In your experience, what is the key to creating a dish that customers are crazy about?

I find that the key to any positive customer experience is to listen. Listen to what your customers tell you, and listen to what they don’t tell you.

Personally, what is the ‘perfect meal for you’?

The perfect meal for me would be any meal spent with good, engaging company. I find great joy in spending time and connecting with people over a meal.

Where does your inspiration for creating come from? Is there something that you turn to for a daily creativity boost?

My inspiration for creating comes from Creation itself. I absolutely love watching nature — the sky in particular. When I need a boost in creativity, I like to be surrounded by nature. It really helps me decompress, and I find that when I am relaxed, I tend to be more creative.

Are you working on any new or exciting projects now? What impact do you think this will have?

I am working on some new seminar topics for 2021. I want to continue educating people on not only the know-how’s of using business acquisition as an entry to business ownership and entrepreneurship, but also the advantages of taking acquisition as a route instead of starting from scratch. I find that when I do events/seminars rooted in these concepts, there are always a few attendees who comment how impactful the information is to reframing their thinking about entrepreneurship in general. That’s exciting!
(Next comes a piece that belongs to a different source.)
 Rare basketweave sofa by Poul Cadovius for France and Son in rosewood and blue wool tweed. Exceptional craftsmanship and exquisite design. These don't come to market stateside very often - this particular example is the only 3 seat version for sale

What advice would you give to other chefs or restauranteurs to thrive and avoid burnout?

Set and manage realistic expectations of yourself, your business, and your employees.
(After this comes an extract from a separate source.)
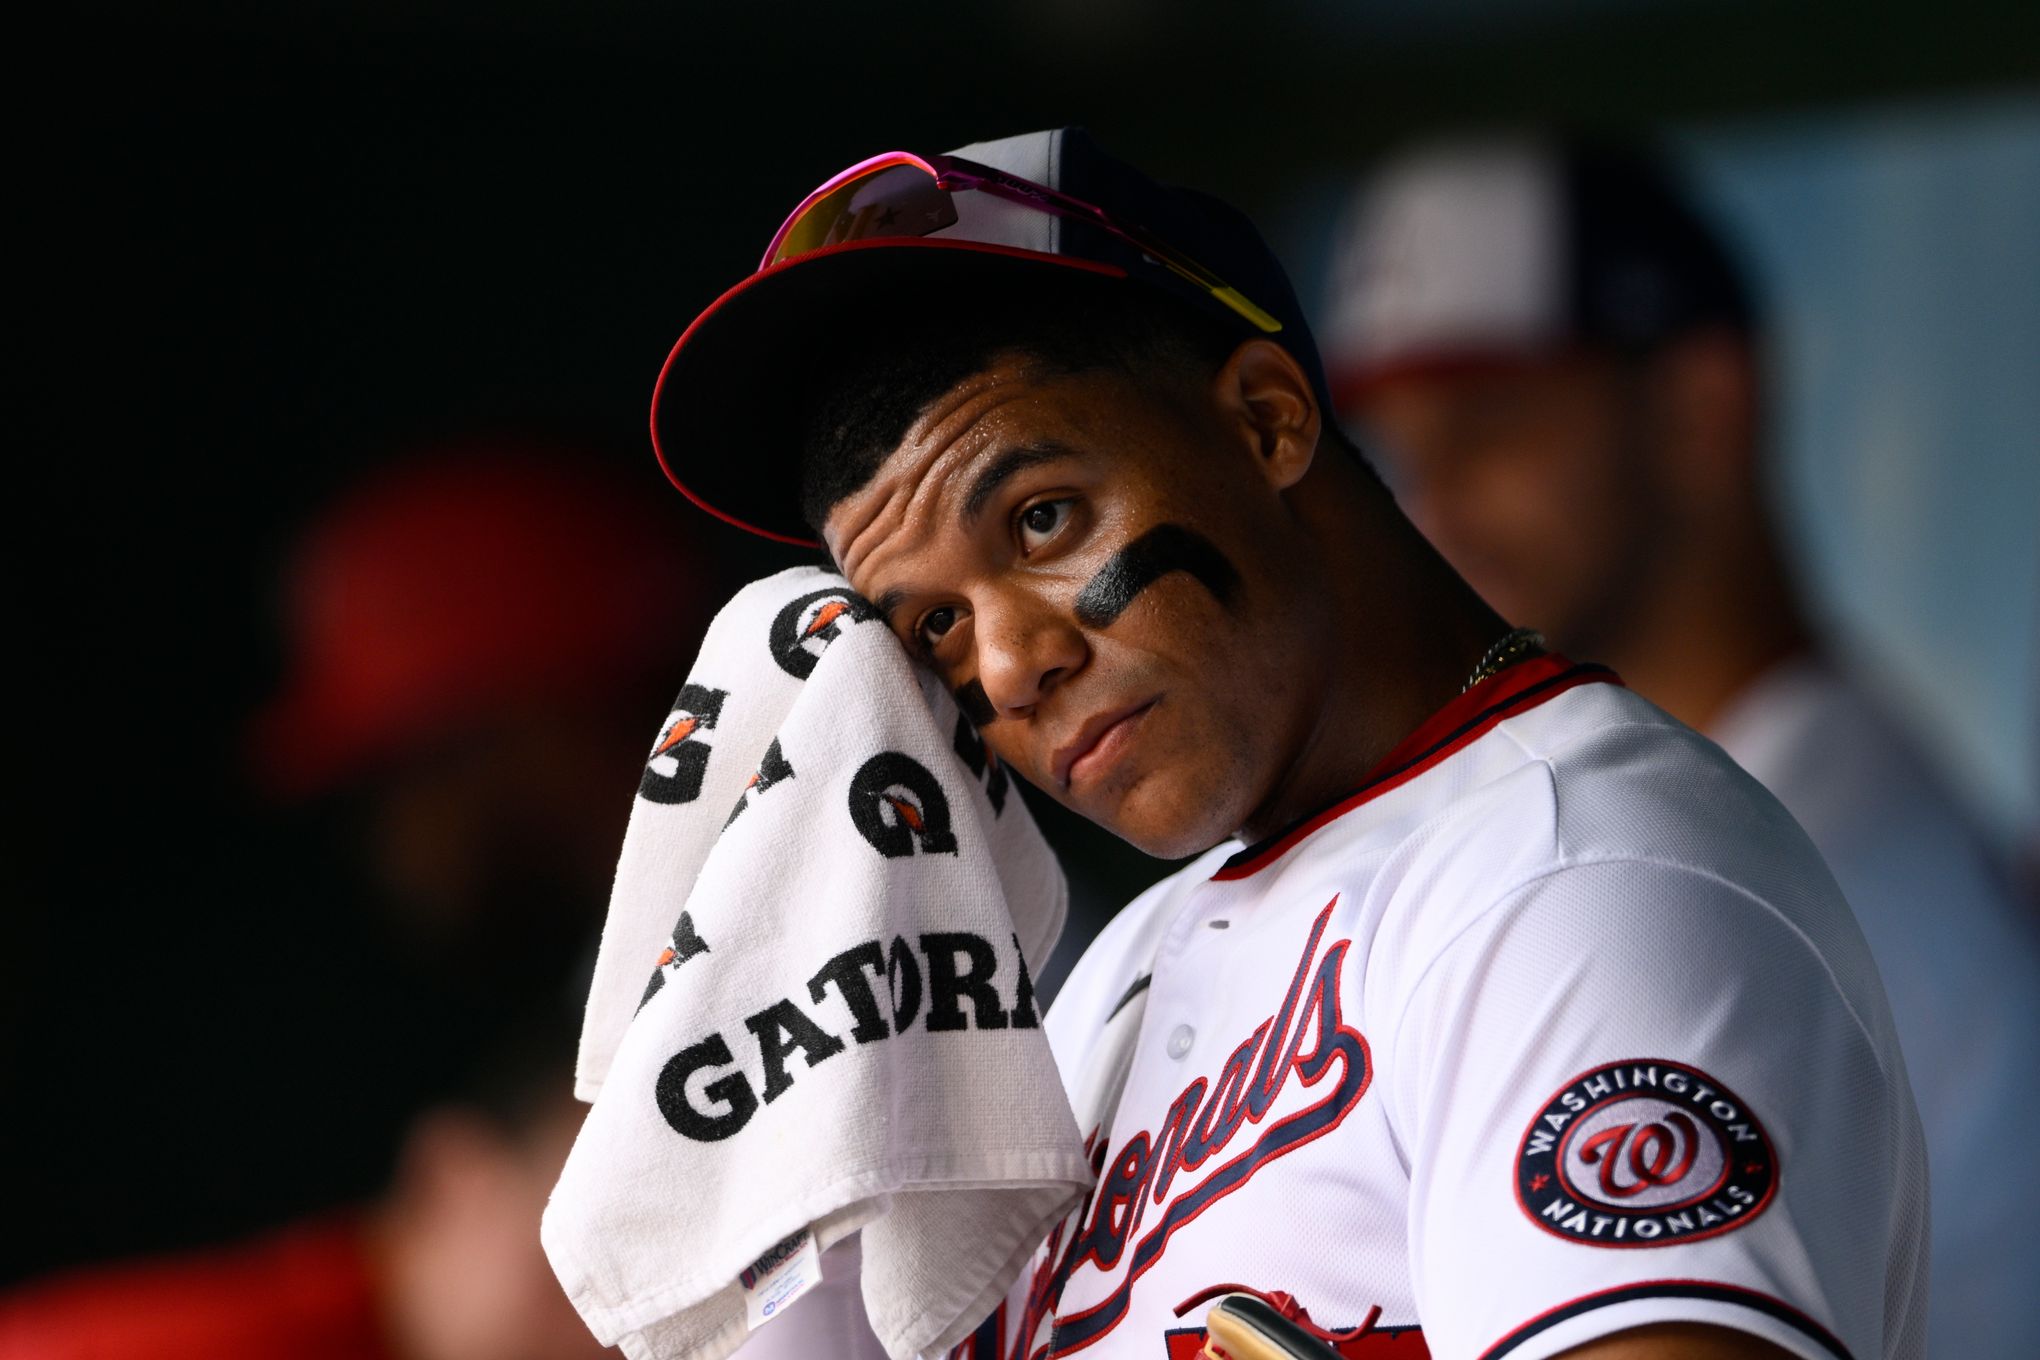 The best trade package Dodgers must offer for Nationals' Juan Soto

Thank you for all that. Now we are ready for the main question of the interview. What are your “5 Things I Wish Someone Told Me When I First Started as a Restauranteur or Chef” and why? Please share a story or an example for each.
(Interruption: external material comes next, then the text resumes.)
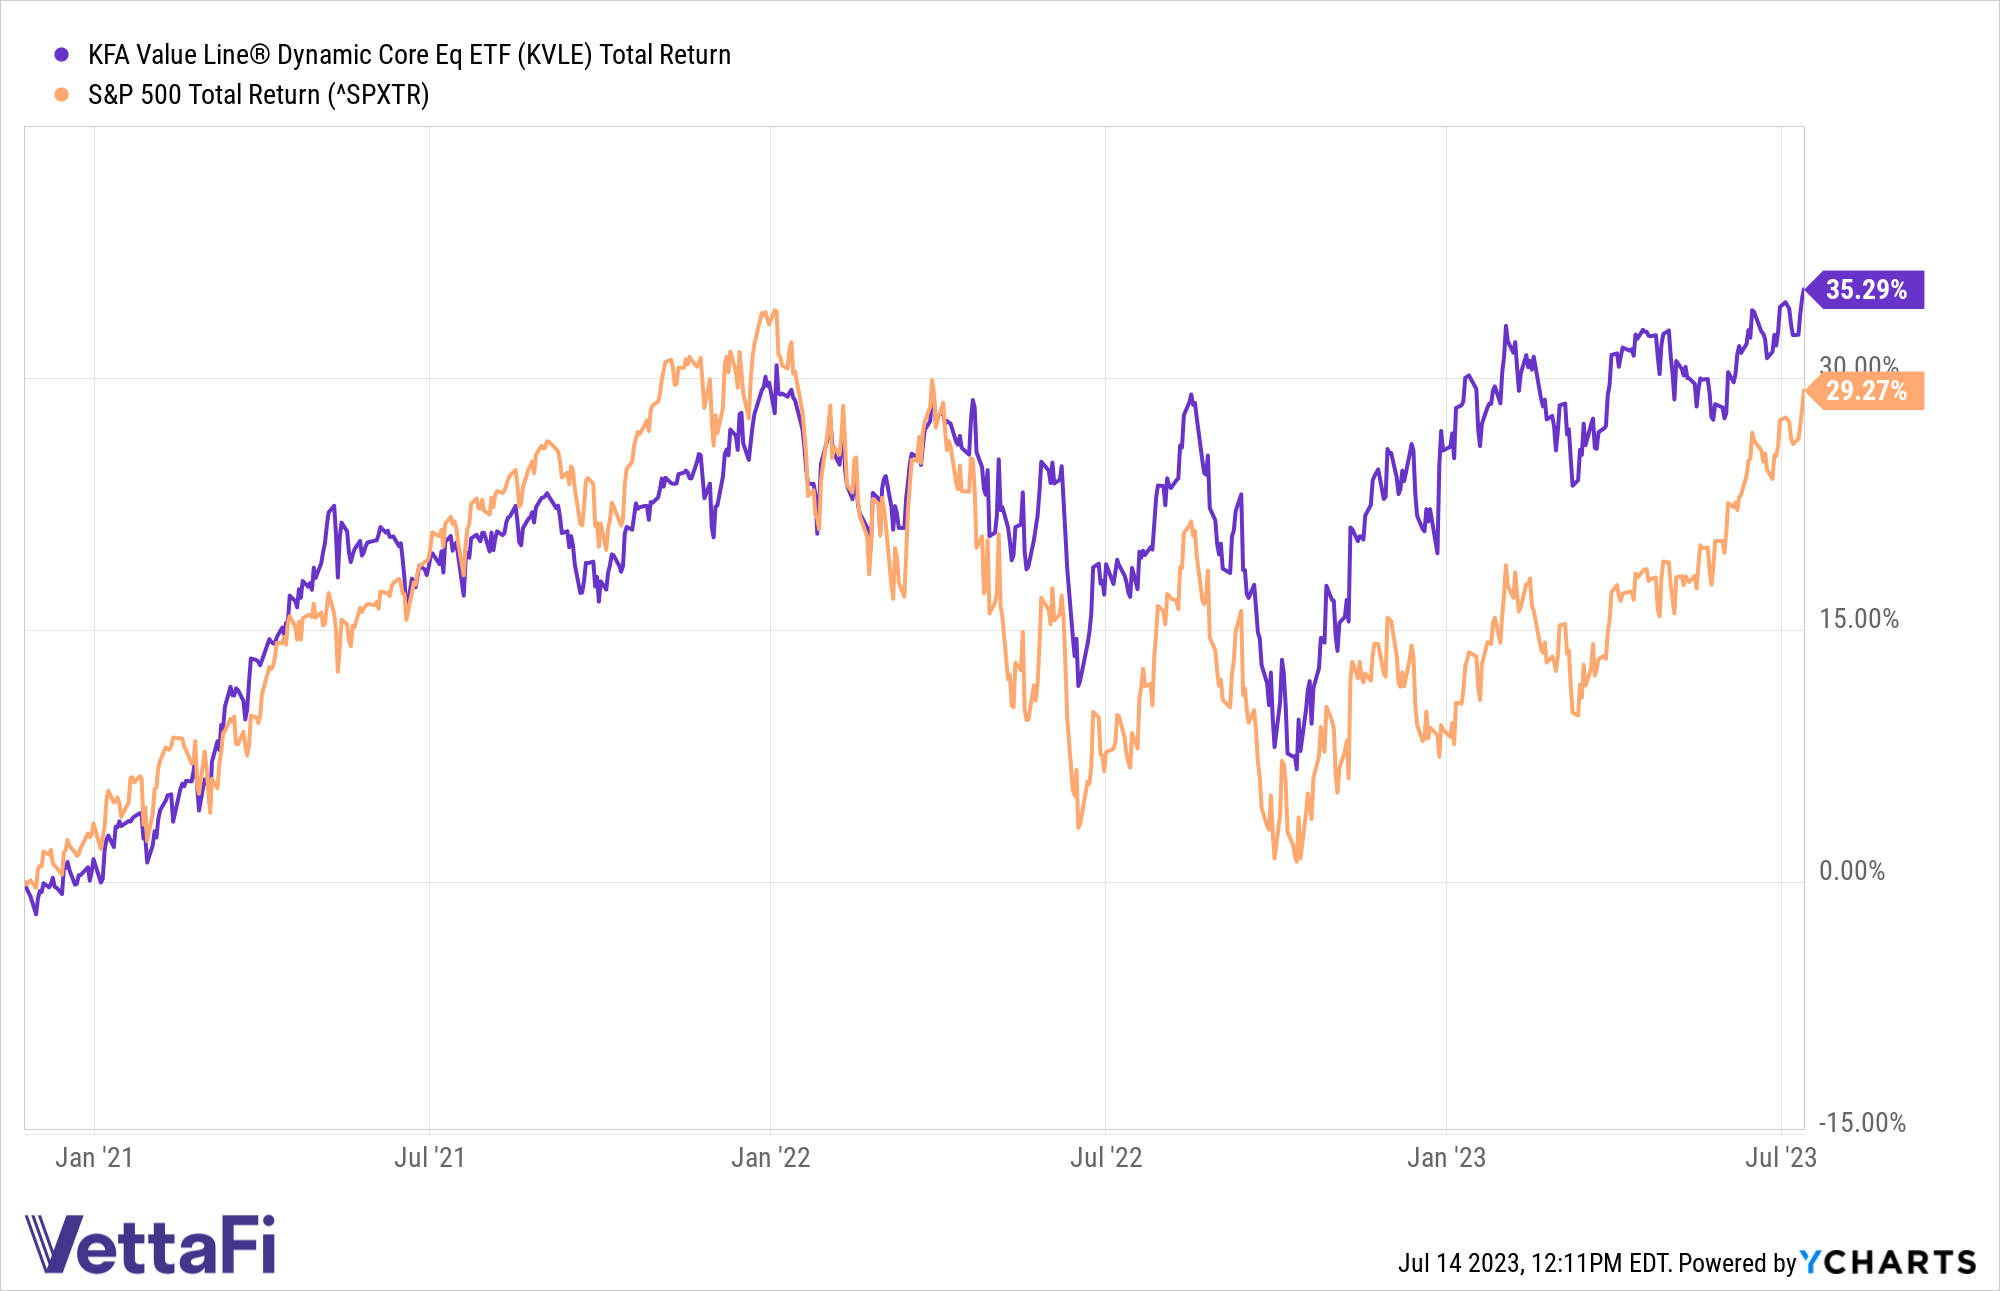 Chart of KVLE and SPY's total returns performance since November 24, 2020 to July 13, 2023.

  1. Understand that owning a restaurant is a different scope of responsibility — you are typically “married” to the business. Inexperienced restauranteurs sometimes approach the restaurant business/ownership like other 9–5 businesses, but it just doesn’t work that way. So, I think it’s vital to set realistic expectations before they launch their concept so that they and/or their families aren’t overwhelmed and burned out.
  2. Know your numbers! It’s very important for a restauranteur to watch their cost of goods and their other variable expenses. Research and study what the average percentage of gross should be for COG’s and other costs for your menu and/or concept and try to stay within that average. This will hopefully help you maximize your profit margin.
  3. Don’t eat up your profits in unused or expensive square footage. Rent that is too high and/or spaces that are unnecessarily large can really hurt a restaurant. Really think about maximizing every square foot of your space, and try your best to not spend more than 10% of your gross revenue in rent.
  4. Focus on the customer experience and product consistency. Sure, you can’t please everyone, but if you really have a passion for customer service and consistency, your customers will be able to tell, and will in turn, support your business.
  5. Invest in your staff! The investment doesn’t have to be monetary — more than anything, invest in your key employees by training them and setting up good systems. The better your systems and the better trained your staff, the more resistant to burnout you will be. With a highly-trained staff, you will (hopefully) be able to step away from the business and recharge periodically, and you will more than likely be confident in delegating various tasks/responsibilities to your staff.

What’s the one dish people have to try if they visit your establishment?

When I think of visiting a restaurant establishment, I automatically think that everyone should try a dessert. I mean, what is a good meal if it isn’t topped off with a good dessert lol!

You are a person of enormous influence. If you could inspire a movement that would bring the most amount of good to the most amount of people, what would that be? You never know what your idea can trigger.

I would say to be mindful of how we speak and treat one another. When everyone leads with respect, everything else naturally follows suit. I feel strongly that this simple task would greatly impact many of our societal issues in a positive way.

Thank you so much for these insights. This was very inspirational!